Tuesday, March 1, 2016

Something New

With each accomplishment and milestone I cross, it's easy to be in the moment. In fact, it's the only time in my life I slow down and look at everything precious in my life. Graduations, break-ups, moving into your first apartment, your sister's wedding, your first job, moving to a city that's not your hometown and now life after graduate school. It's a moment of contemplation, a suspended moment in life where you can decide to let go, move on and be the person you want to be. It's the moment to look back at pain, loss, laughter, happy memories, hopefully only a few regrets and decide what's worth remembering and what's not.

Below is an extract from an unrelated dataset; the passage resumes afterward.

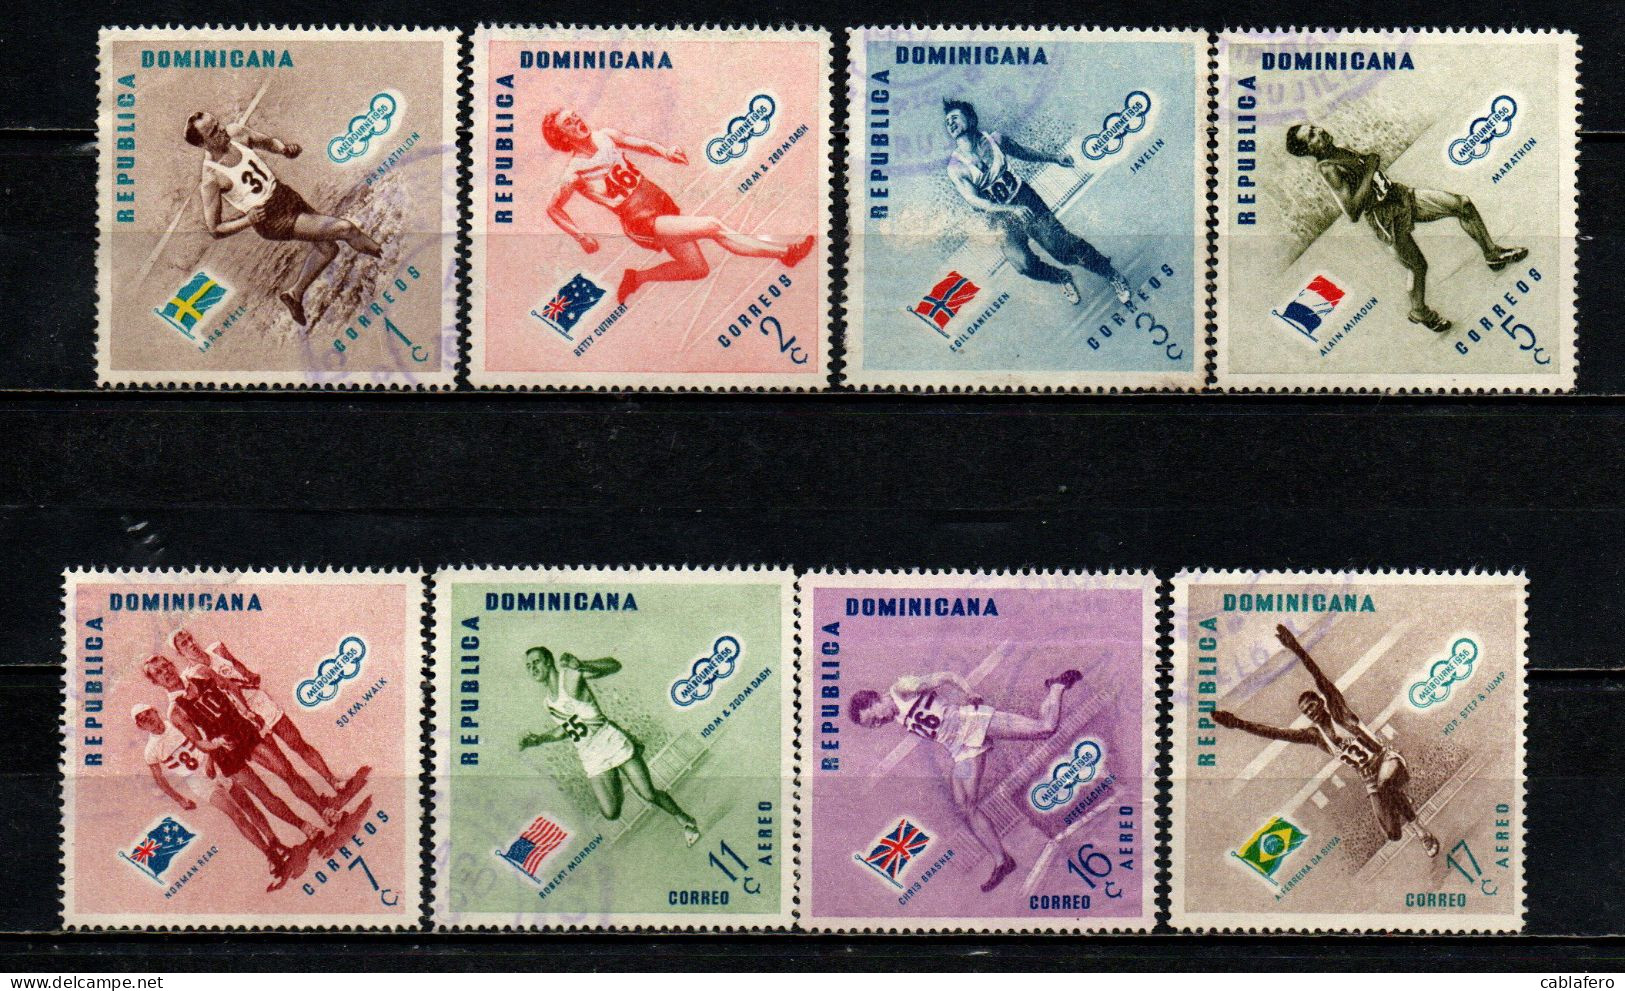 REPUBBLICA DOMENICANA - 1957 - VINCITORI DELLE MEDAGLIE OLIMPICHE DI MELBOURNE - USATI - Dominican Republic

Being so acutely aware in the in between, the transition has always been uneasy place for me. Looking out into the unknown has never been frightening; I'm independent, curious and ready for whatever my future holds. With two degrees and lots of experience, I feel confident but don't wear it to well. I've cut and colored my hair more than once to make a statement. I've bought more heels, red lipstick and black dresses to wear to work to exude sophistication but these little things haven't exactly pushed me to be a better person or encouraged bigger and more meaningful pursuits.  Accepting change is not what is holding me back, it's letting go. Too much time has been spent fixating on what went wrong, how things could have been different and friendships that were not worth fighting for. I'm in the moment of transition and as I purge my closest for the millionth time with my 90s playlist on high in the background, this time I'll laugh over stupid, silly mistakes, forget the people who didn't make time for me and work on my new thing, learning to let go of everything holding me back.